# Training by feel



## HDH (Oct 14, 2018)

Over the last few years I've had to move away from the heavy lifting and changed my training based on injury prevention. It's a lot of sets and reps as opposed to the 6 to 12 rep schemes a lot of guys use. It was really like undoing what I have done for years and starting over.

When I first started training like this I had to find a middle ground where I wasn't under or over training. It took a little time to be able to know when to stop or to keep going. Of course it will also depend on what's going on in our lives and supps we are taking. GH, insulin, aas, diet, rest and stresses so no different than lifting any other way.

After training for so long you know when you're doing too much or too little. It takes time to see how we respond and then we make the adjustments. As we do this we get a feel for things.

I found the best way for me was to slow everything down, keep everything controlled, use holds at the top and slow on the negatives. It's the easiest way to achieve and maintain a mind to muscle connection for me. Too heavy and too many of the surrounding muscles are used or too little and you don't feel the isolation of the particular muscle being trained.

My training consists of 3 days a week. I use opposite and same muscle super sets, tri sets and giant sets. I train 1 1/2 to 2 hours per session. I do up to 5 exercises at once consecutively.

Here is an example of a giant set consisting of 5 exercises-

Cable isolation delts w/biceps and triceps one arm at a time-

Rear delts / Side delts / Front delts / Biceps / Triceps

Example of 4 exercises-

Chest / Rows / Biceps / Triceps

Example of 3-

Dumbbell Deads / Leg Press / Calves on leg press

Example of 2-

Leg press / Leg extensions

Dumbbell dead / leg curls

Leg extensions / Leg curls

Every bit of my routine is like this. It took some time to get it dialed in but I can grow as much as I can eat. It's more of a technical approach rather than pushing the heavy ass weight. I'm becoming more and more brittle as the years pass and I have no intentions of sitting on the side because of nagging injuries. I've got some problems with back, neck, shoulders and knees and this type of training has been good to me.

I rarely count anything anymore, I don't really feel it's necessary for me. The count can be different each time anyways as I vary on speed with negatives, sometimes long holds sometimes short super hard squeezes, sometime repping it out and I will switch with each set in the same exercise. I do the same exercises but mix it up with everything else.

Moderate weight doesn't mean easy either, I train hard as fvck every session but the difference is I'm good to train hard the next session because I don't have any problems.

The biggest and hardest part for me was using the moderate weights in front of people. I had to put the ol ego in my back pocket for this but once I started getting the results, I didn't give 2 shits.

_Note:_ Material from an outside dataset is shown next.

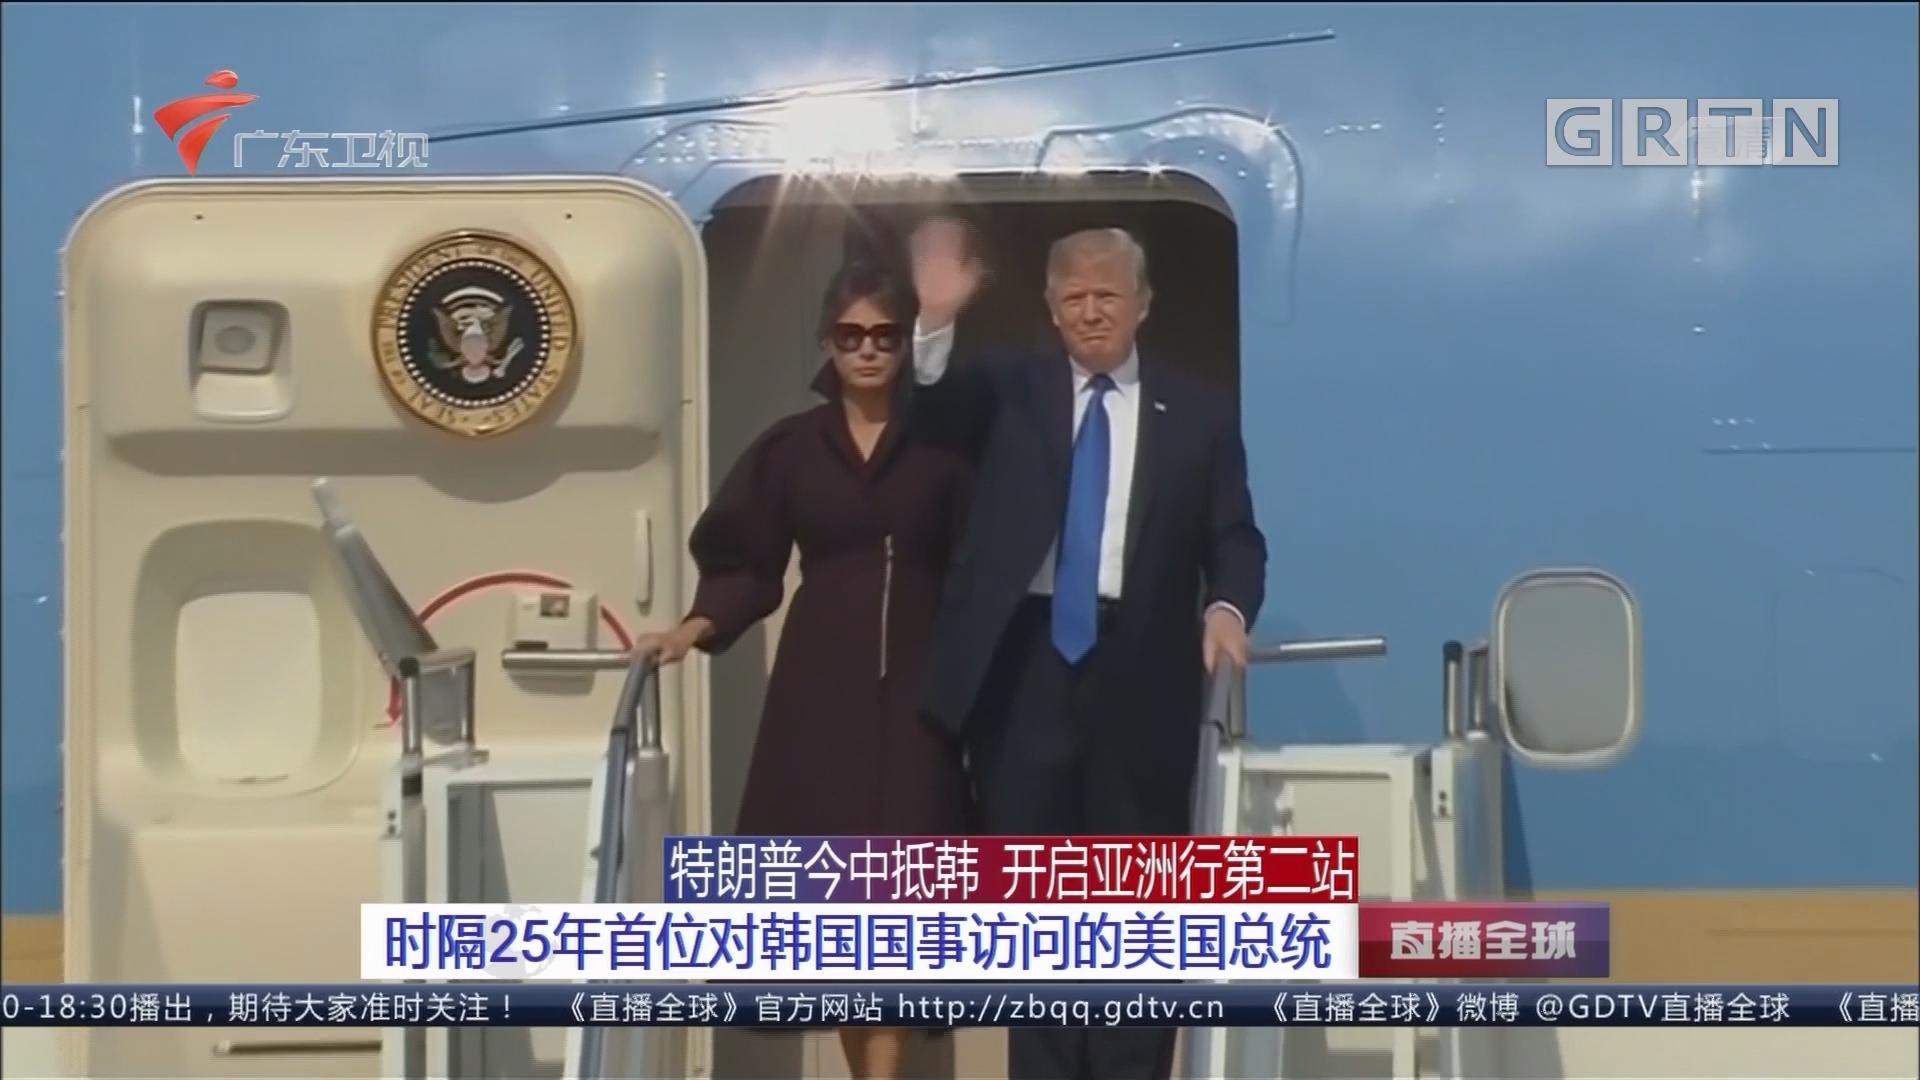 特朗普今中抵韩 开启亚洲行第二站:时隔25年首位对韩国国事访问的美国总统

Anyone else training similar or may be interested in a different approach besides always heavy?


----------



## Gadawg (Oct 14, 2018)

I train with all weights and rep schemes. All my sets are to failure but my sets might vary between 3 and 25 or so. Using lighter weight, focusing on form, slowing down, and squeezing is actually hard as hell and grows muscle very well. 

Ever watch Piana lift?  He was all about high reps and it obviously grew a ton of muscle. 

I think people get a little too tied up in the 6-12 approach and I have found that for my body, if I am going as hard as I can, I make gains no matter what plan Im following.


----------



## Viduus (Oct 14, 2018)

I do the same thing with supersets & giant sets unless I’m really taking a something to failure. I’ve been doing more DC style training so a proper rest-pause set completes that body part after the one full “set”.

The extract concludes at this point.